Outcome of pregnancy among high risk pregnancies in rural area of Nagpur, Central India

Authors

  • Ashok Rupraoji Jadhao Department of Community Medicine, Indira Gandhi Government Medical College, Nagpur, Maharashtra, India
  • Mahendra D. Gawade Medical Officer, PHC, Jaitapur, Ratnagiri, Maharashtra, India
  • Suresh N. Ughade Department of Community Medicine, Government Medical College, Nagpur, Maharashtra, India

DOI:

https://doi.org/10.18203/2394-6040.ijcmph20170443

Keywords:

Gestational period 20 weeks and above, High risk pregnancy, Low birth weight, Mode of delivery caesarean section, Pregnancy outcome, Rural area

Abstract

Background: All pregnant women, by virtue of their pregnancy status, face some level of maternal risk. Some pregnancies are complicated by problems associated with mother’s health. Most maternal morbidities could be prevented if mother had access to appropriate and timely healthcare during pregnancy. Study was intended to find out prevalence of high risk pregnancy and pregnancy outcome among them in rural area of Nagpur district, Central India.

Methods: Community based observational descriptive study was conducted on consecutive sample of 214 pregnant women, who had 20 weeks and above gestational period.
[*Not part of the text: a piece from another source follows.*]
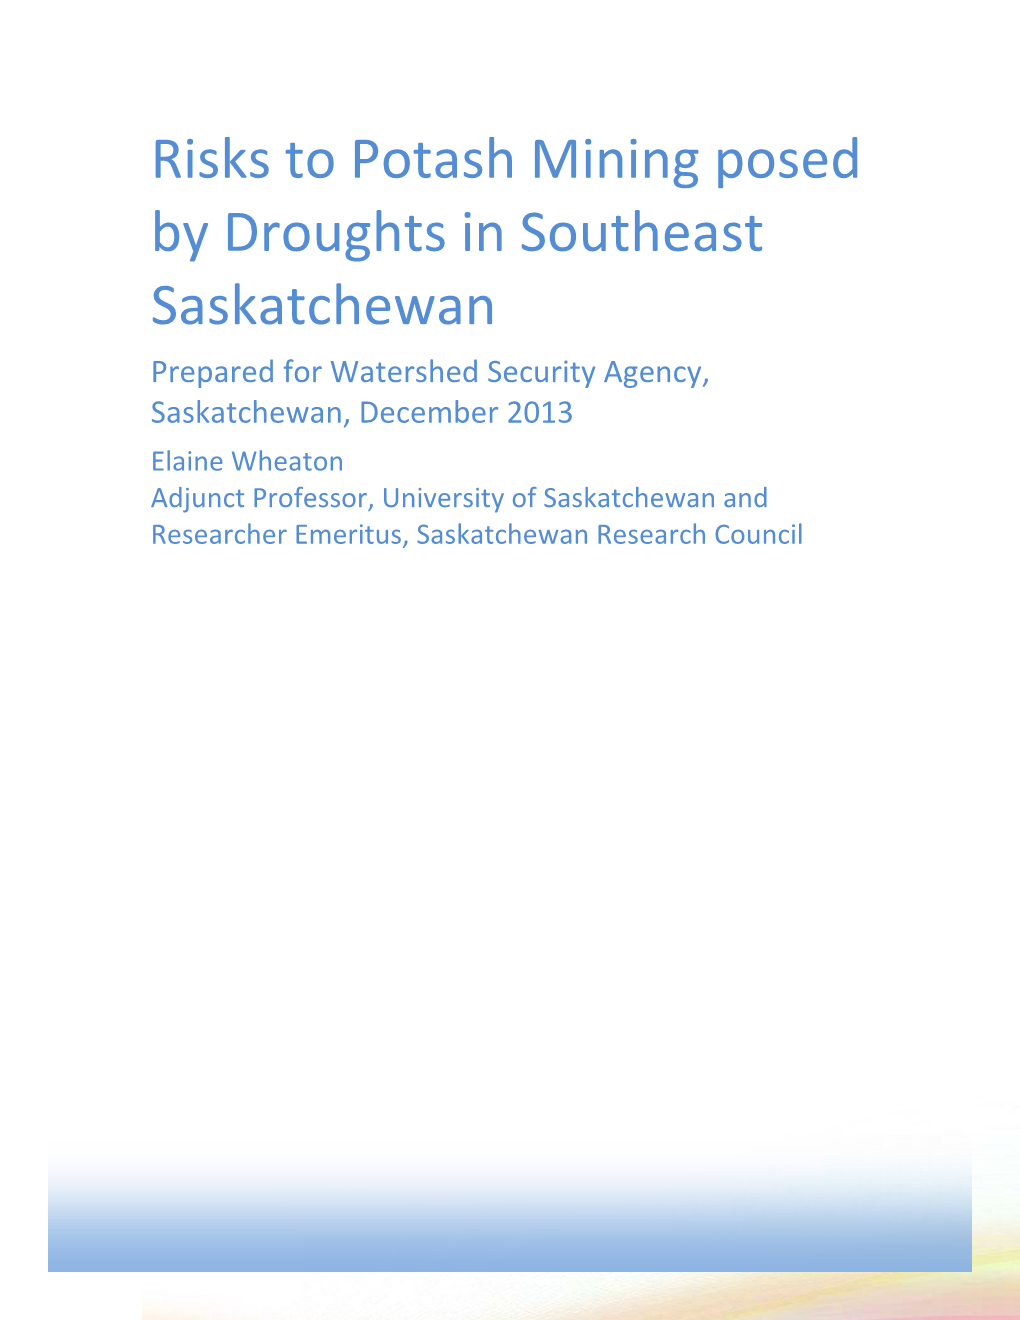 Risks to Potash Mining Posed by Droughts in Southeast Saskatchewan

Results: Prevalence of high risk pregnancy observed was 33.64% (95% CI 27.31%-39.97%). Caesarean section (OR=7.63, 95% CI=4.04-14.40, P=0.0001) and birth weight less than 2500gm (OR= 3.47, 95% CI=1.47-8.20, P=0.003) were significantly associated with high risk pregnancy. Mode of delivery caesarean section had strong relationship with previous history of caesarean section (OR=37.53, 95% CI=8.64-163.05, P=0.0001) and mothers height less than or equal to 140cm (OR=8.87, 95% CI=1.02-77.32, P = 0.0183). Pregnancy outcome low birth weight was significantly associated with oligohyramnios (OR = 8.45, 95 % CI=1.61-44.48, P=0.003) and history of caesarean section (OR=2.67, 95 % CI=1.01-7.07, P = 0.041).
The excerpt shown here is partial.